The taxi was warm and dry, and it smelled like leather cleaner.

“Chicago O’Hare, please,” she told the driver.

She leaned her head against the rear passenger window and closed her eyes. It had been a foolish dream. She realized that now. A multitude of emotions washed over her and she sucked in a ragged breath. She felt embarrassed by her impulsiveness and foolish that she had assumed what she and Morgan had shared in the realm could translate into the waking world. Succubi weren’t allowed dreams of their own; they could only fulfill others’.

EPILOGUE

 

The sun blistered down on the blacktop. The heat reflected back in visible waves that hovered above the runway pavement. Niall Price peeled off his blazer and folded it over one arm. He thought the outerwear made him look more imposing, but he was starting to wither under the intensity of the Los Angeles sun.

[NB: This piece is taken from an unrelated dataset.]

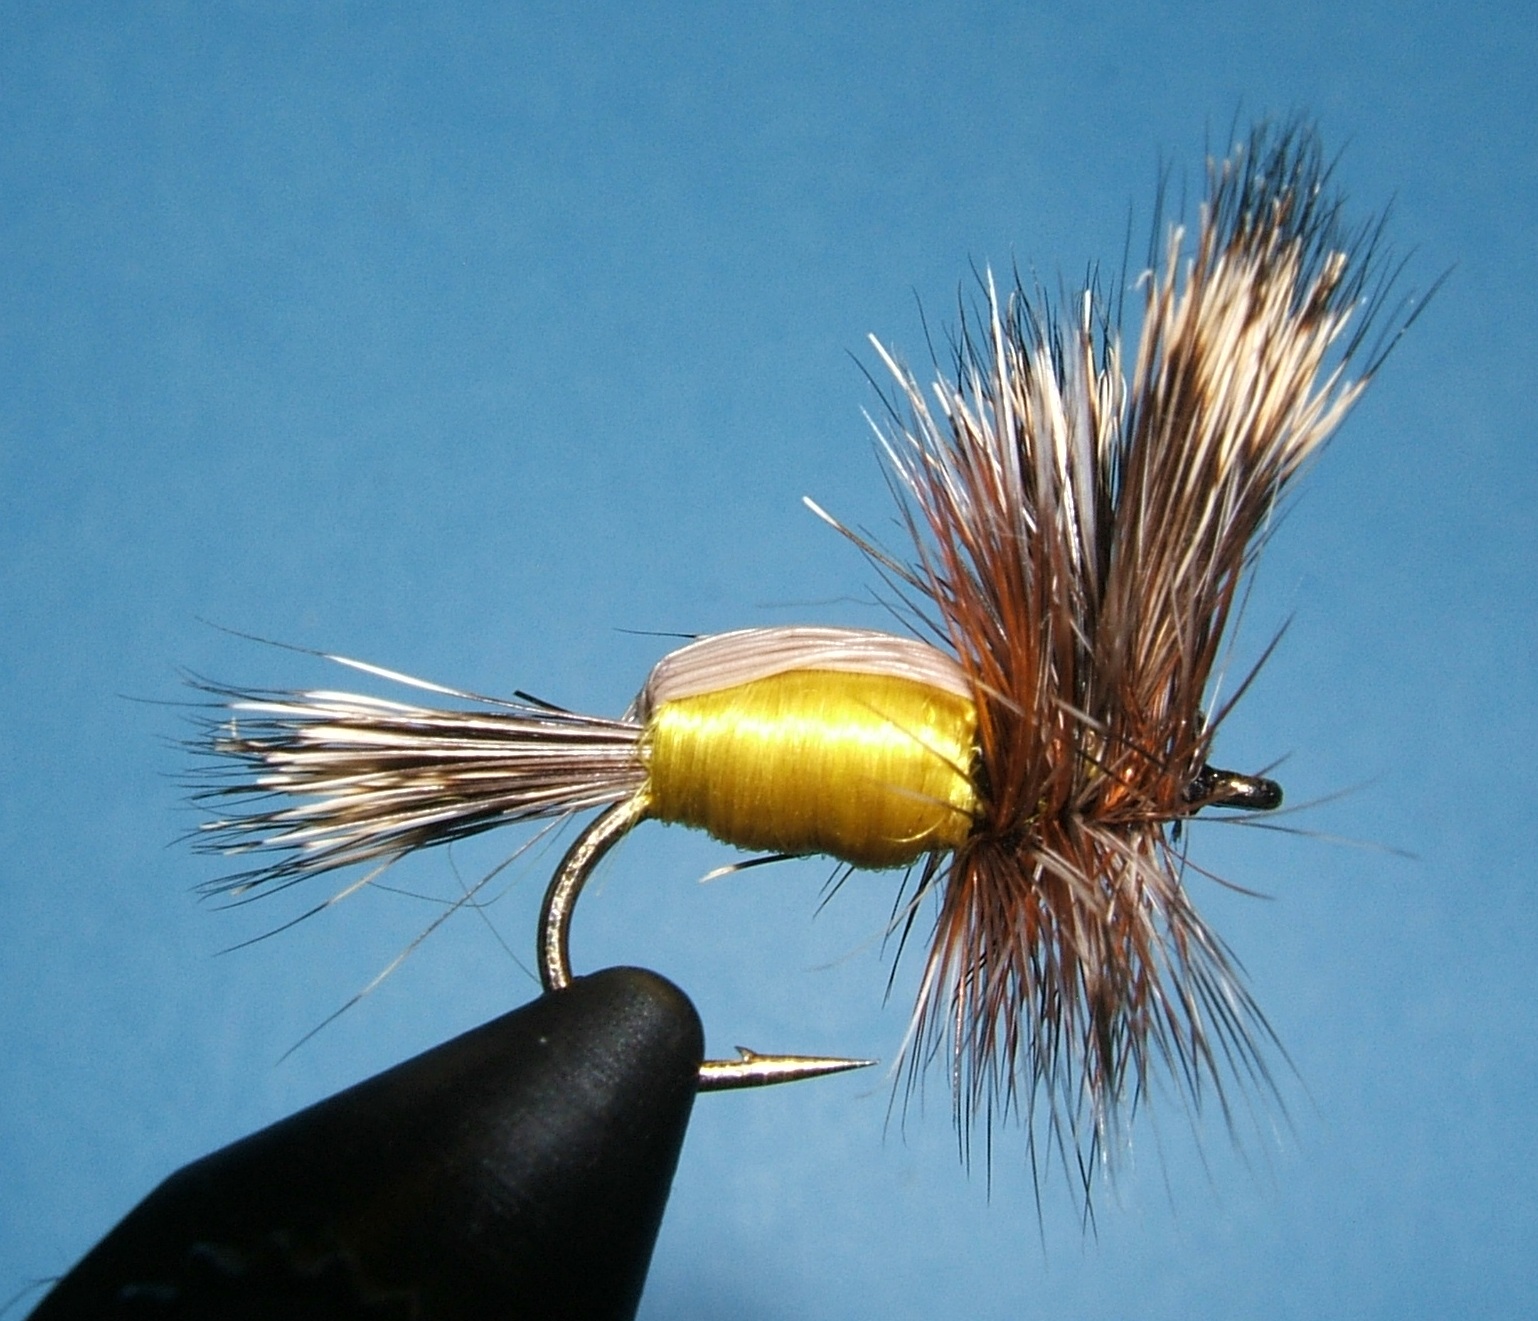 Humpy pack:18 dry flies: 3 colors, sizes, 10, 12, 14. – Kootenay

The jet engines of the private plane parked in his direct line of vision slowed before coming to a complete stop. A door swung open toward the tarmac, followed by a short series of stairs. Niall approached the private charter and held out his hand to help the passenger inside disembark.

The woman slipped on oversized sunglasses and peered up into the sky. “I hate this city,” she sniffed, taking in her surroundings. “It’s like the worst of humanity congregated in one convenient location.”